Results by age subgroups

When comparing patients by age subgroups, we saw that the under-85-years group had a mean longer length of stay, both in the hospital and at the ICU vs the ≥85 year-group (Table 2). While the younger group had a mean ICU stay of 8.4 ± 8.9 days, the older group was admitted to the ICU for a mean of 4.6 ± 7.8 days, with statistically significant differences (P = 0.037). A total of 84.3% of the patients younger than 85 years benefited from invasive mechanical ventilation (IMV) vs 46.2% of the older patient group (P < 0.001), with significantly longer IMV time in the younger group. Similarly, it was in this latter group where vasoactive drugs were used more frequently. Another statistically significant difference found in this age-group segmented analysis was frailty in both age groups measured with the CFS scale. Greater frailty was observed in the group of patients ≥85 years.

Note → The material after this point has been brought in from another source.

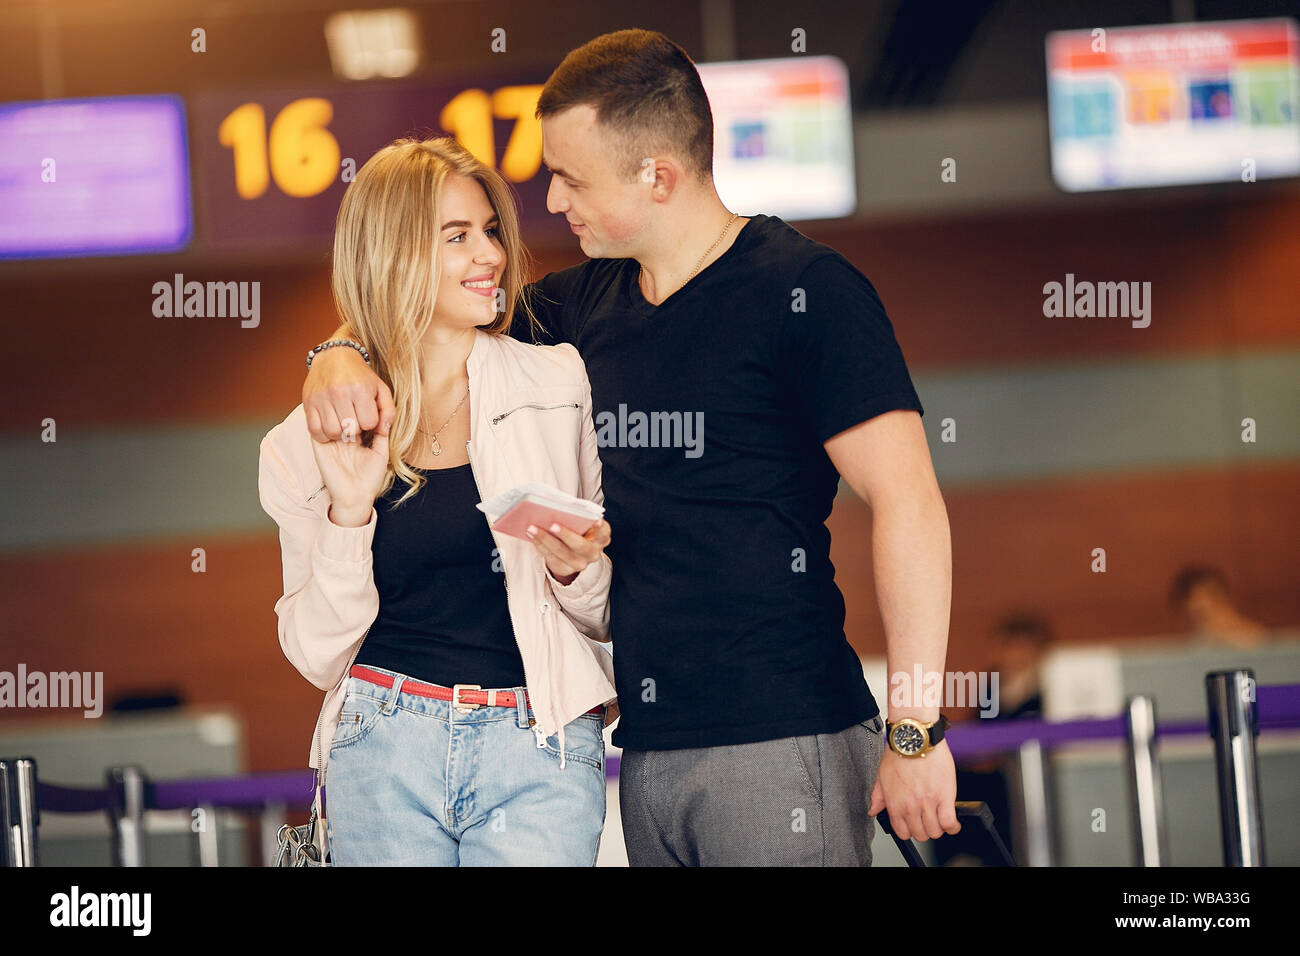 Paar in einem Flughafen. Schöne Blondine in einem weißen Mantel. Mann in einem schwarzen T-Shirt Stockfoto

Additionally, in this older age group, there was a higher prevalence of solid neoplasms on admission and neuromuscular diseases.

Table 2.

Characteristics of patients by age subgroup (< 85 years vs ≥ 85 years).

	< 85 years	≥ 85 years	P
	N = 52 (57.7%)	N = 38 (42.2%)
Demographic characteristics
Age (years) (mean, (SD))	19 (37.3)	11 (28.2)	0.498
Sex = Female (n (%))	17.8 (10.3)	14.1 (13.5)	0.141
Length of stay (days) (mean, (SD))	8.4 (8.9)	4.6 (7.8)	0.037
Length of ICU stay (days) (mean, (SD))	14 (27.5)	6 (15.4)	0.268
Death (Length of stay)	11 (21.6)	4 (10.3)	0.254
Therapeutic measures at the ICU setting
NIMV (n (%))	2 (3.9)	2 (5.1)	1.000
IMV (n (%))	43 (84.3)	18 (46.2)	<0.001
Time on mechanical ventilation (mean (SD))	5.7 (9.4)	1.8 (6.5)	0.029
Catecholamines (n (%))	36 (70.6)	17 (43.6)	0.018
Hemodialysis (n (%))	1 (2.0)	1 (2.6)	1.000
Transfusion (n (%))	14 (27.5)	10 (25.6)	1.000
Number of RBC concentrates (mean (SD))	0.7 (2.1)	0.5 (1.1)	0.621
Comorbidities (n (%))
Alcohol consumption	9 (17.6)	13 (33.3)	0.142
Chronic lung disease	11 (21.6)	9 (23.1)	1.000
COPD	5 (9.8)	2 (5.1)	0.672
Pulmonary fibrosis	0 (0.0)	2 (5.1)	0.361
OSA	1 (2.0)	1 (2.6)	1.000
Asthma	3 (5.9)	3 (7.7)	1.000
Cardiovascular disease	36 (70.6)	32 (82.1)	0.314
Ischemic heart disease	10 (19.6)	14 (35.9)	0.136
Valvular disease	26 (51.0)	19 (48.7)	1.000
Heart failure	16 (31.4)	9 (23.1)	0.527
Arrythmias	20 (39.2)	18 (46.2)	0.656
Chronic kidney disease	5 (9.8)	8 (20.5)	0.259
Liver disease	2 (3.9)	1 (2.6)	1.000
Neoplasm	14 (27.5)	16 (41.0)	0.259
Solid neoplasm	8 (15.7)	15 (38.5)	0.027
Hematological disease	6 (11.8)	1 (2.6)	0.223
Neurodegenerative disease	2 (3.9)	7 (17.9)	0.065
Musculoskeletal disease	23 (45.1)	17 (43.6)	1.000
Inflammatory bowel disease	1 (2.0)	0 (0.0)	1.000
Neurovascular disease	4 (7.8)	10 (25.6)	0.044
Severity and frailty scales at admission
Glasgow (median [IQR])	15.0 [15.0, 15.0]	15.0 [15.0, 15.0]	0.708
CFS (median [IQR])	3.0 [2.0, 4.0]	4.0 [3.0, 5.0]	0.016
APACHE (median [IQR])	16.0 [14.0, 18.0]	16.0 [12.0, 19.5]	0.624
Charlson (median [IQR])	6.0 [5.0, 7.0]	6.0 [5.5, 8.0]	0.078
IABVD (n (%))	48 (94.1)	31 (79.5)	0.076

APACHE, Acute Physiology and Chronic Health Evaluation II; CFS, Clinical Frailty Scale; COPD, chronic obstructive pulmonary disease; IABVD, Independent for Activities of Daily Living; IMV, invasive mechanical ventilation; IQR, interquartile range; NIMV, non-invasive mechanical ventilation; OSA, obstructive sleep apnea; RBB, red blood cell; SD, standard deviation; UCI, Intensive Care Unit.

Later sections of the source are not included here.